Norm = sm.families.Gaussian()
Bin = sm.families.Binomial()
Pois = sm.families.Poisson()


#### Linear model#

students = pd.read_csv('../datasets/students.csv')
formula0 = "score ~ 1 + effort"
glm0 = smf.glm(formula0, data=students, family=Norm).fit()
glm0.params

Intercept    32.465809
effort        4.504850
dtype: float64


#### Logistic regression#

formula1 = "hired ~ 1 + work"
glm1 = smf.glm(formula1, data=interns, family=Bin).fit()
glm1.params
# glm1.summary()

Intercept   -78.693205
work          1.981458
dtype: float64


#### Poisson regression#

formula2 = "failures ~ 1 + age"
glm2 = smf.glm(formula2, data=hdisks, family=Pois).fit()
glm2.params
# glm2.summary()

Intercept    1.075999
age          0.193828
dtype: float64


### Standardization of predictors#

from scipy.stats import zscore

efforts = students["effort"]
zefforts = zscore(efforts)

0    1.092044
1   -0.114057
2   -0.161876
Name: effort, dtype: float64

# # ALT. define custom function equivalent to zscore(data)
# def standardize(data):
#     datamean = data.mean()
#     datastd = data.std(ddof=1)
#     zdata = (data - datamean) / datastd
#     return zdata

students["zeffort"] = zefforts
lm1s = smf.ols("score~1+zeffort", data=students).fit()
lm1s.params

Intercept    72.580000
zeffort       8.478568
dtype: float64

lm1s.params["zeffort"] / students["effort"].std(ddof=0)

4.504850344209072

glm0.params["effort"]

4.504850344209074


### Marginal effects#

It can be difficult to interpret GLM parameters directly, but we can always ask the question about “slopes” the rate of change of interesting parameters.

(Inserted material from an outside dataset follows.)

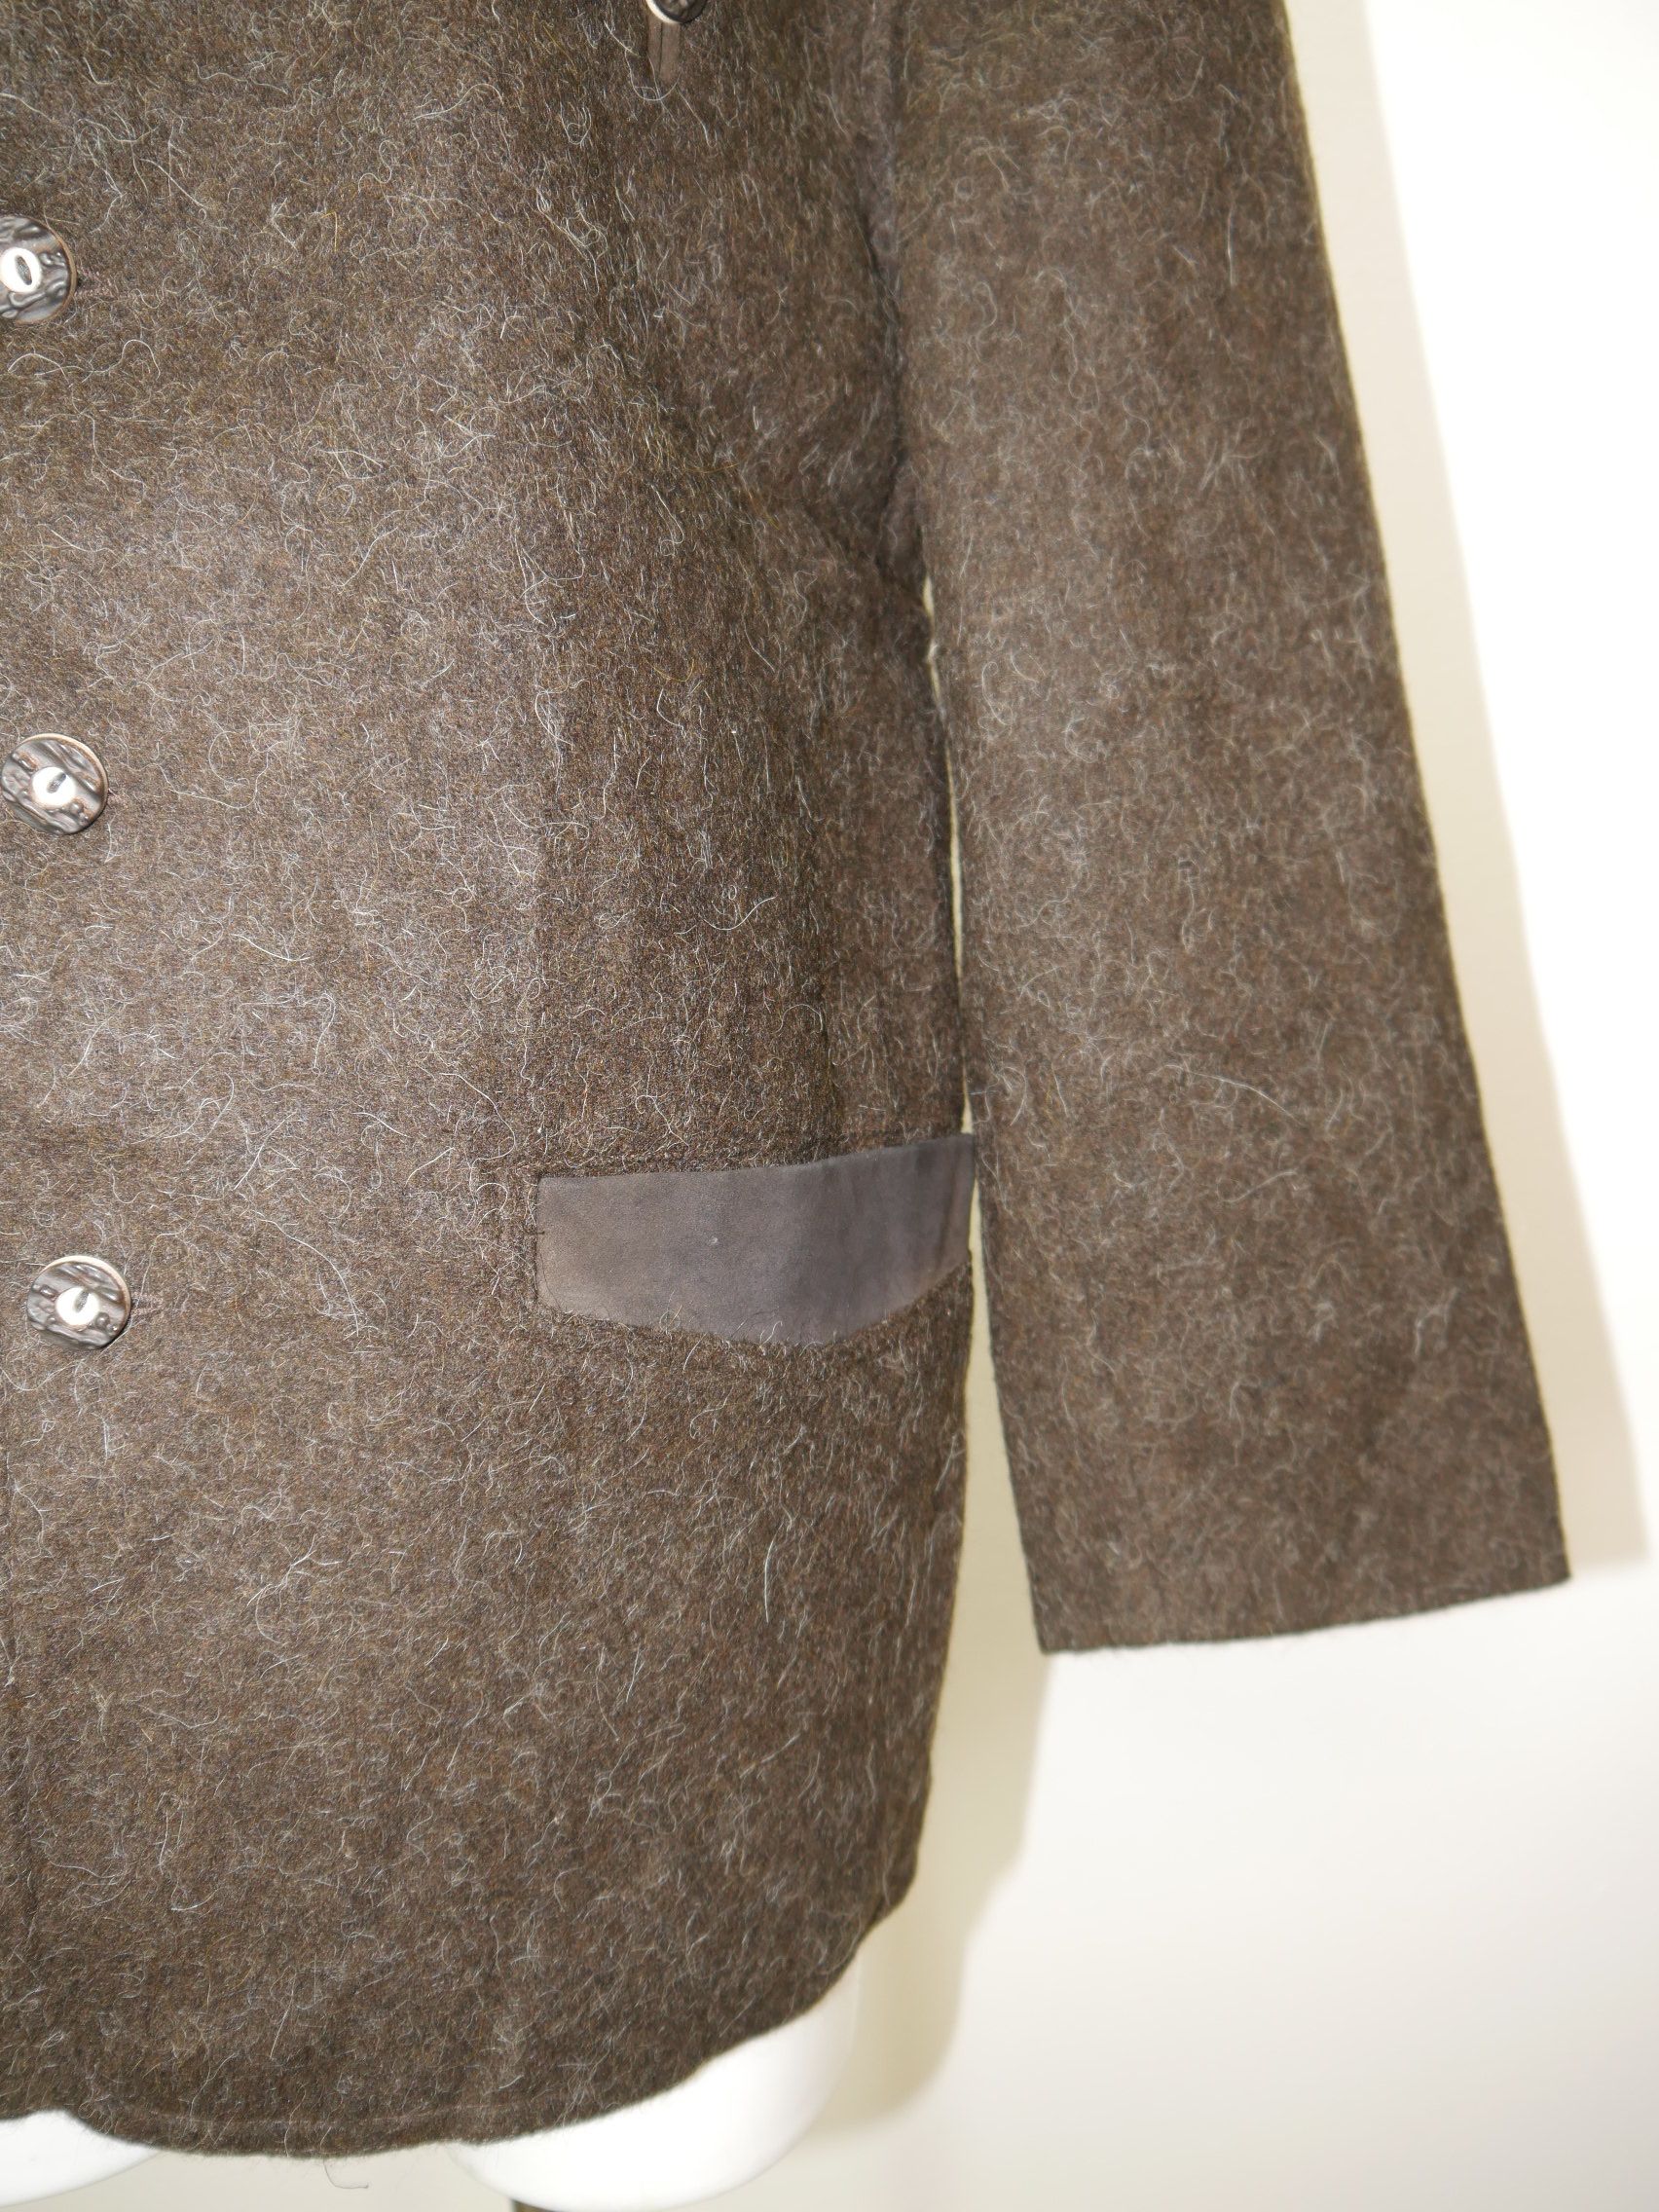 Alphorn jacket as good as new Alpaca leather trim wonderful traditional ...

import marginaleffects as me


#### Raw parameters#

lr1.params["work"], np.exp(lr1.params["work"])

(1.9814577697476699, 7.25330893626573)


The parameter tells us the log-odds ratio changes by 1.981, or equivalently, that the odd-ratio changes by a factor of 7.253 for each additional hour of work.

#### Marginal effect at a user-specified value#

Example To calculate the marginal effect of the predictor work for an intern who invests 40 hours of effort.

# using statsmodels
lr1.get_margeff(atexog={1:40}).summary_frame()

dy/dx Std. Err. z Pr(>|z|) Conf. Int. Low Cont. Int. Hi.
work 0.45783 0.112623 4.065157 0.000048 0.237093 0.678567
# ALT. using marginaleffects
dg40 = me.datagrid(lr1, work=[40])
me.slopes(lr1, newdata=dg40).to_pandas()

term contrast estimate std_error statistic p_value s_value conf_low conf_high
0 work dY/dX 0.45783 0.112263 4.078207 0.000045 14.427447 0.237799 0.677861
# ALT2. manual calculation plugging into derivative of expit
p40 = lr1.predict({"work":40}).item()
marg_effect_at_40 = p40 * (1 - p40) * lr1.params['work']
marg_effect_at_40

0.45782997989918905


#### Average marginal effect (AME)#

For each observation $$(w_i,h_i)$$, compute the marginal effect at $$w=w_i$$, then average them together.

lr1.get_margeff().summary_frame()

dy/dx Std. Err. z Pr(>|z|) Conf. Int. Low Cont. Int. Hi.
work 0.08077 0.00422 19.139418 1.185874e-81 0.072499 0.089041
# ALT. using the marginaleffects package
me.avg_slopes(lr1).to_pandas()

term contrast estimate std_error statistic p_value s_value conf_low conf_high
0 work mean(dY/dX) 0.08077 0.00422 19.138224 0.0 inf 0.072498 0.089042
# ALT2. manual computation using a for-loop
meffects = []
for i, row in interns.iterrows():
p = lr1.predict({"work":row["work"]}).item()
meffect = p * (1-p) * lr1.params['work']
meffects.append(meffect)
AME = np.mean(meffects)
AME

0.08076985840552156


#### Marginal effect at the mean (MEM)#

lr1.get_margeff(at="mean").summary_frame()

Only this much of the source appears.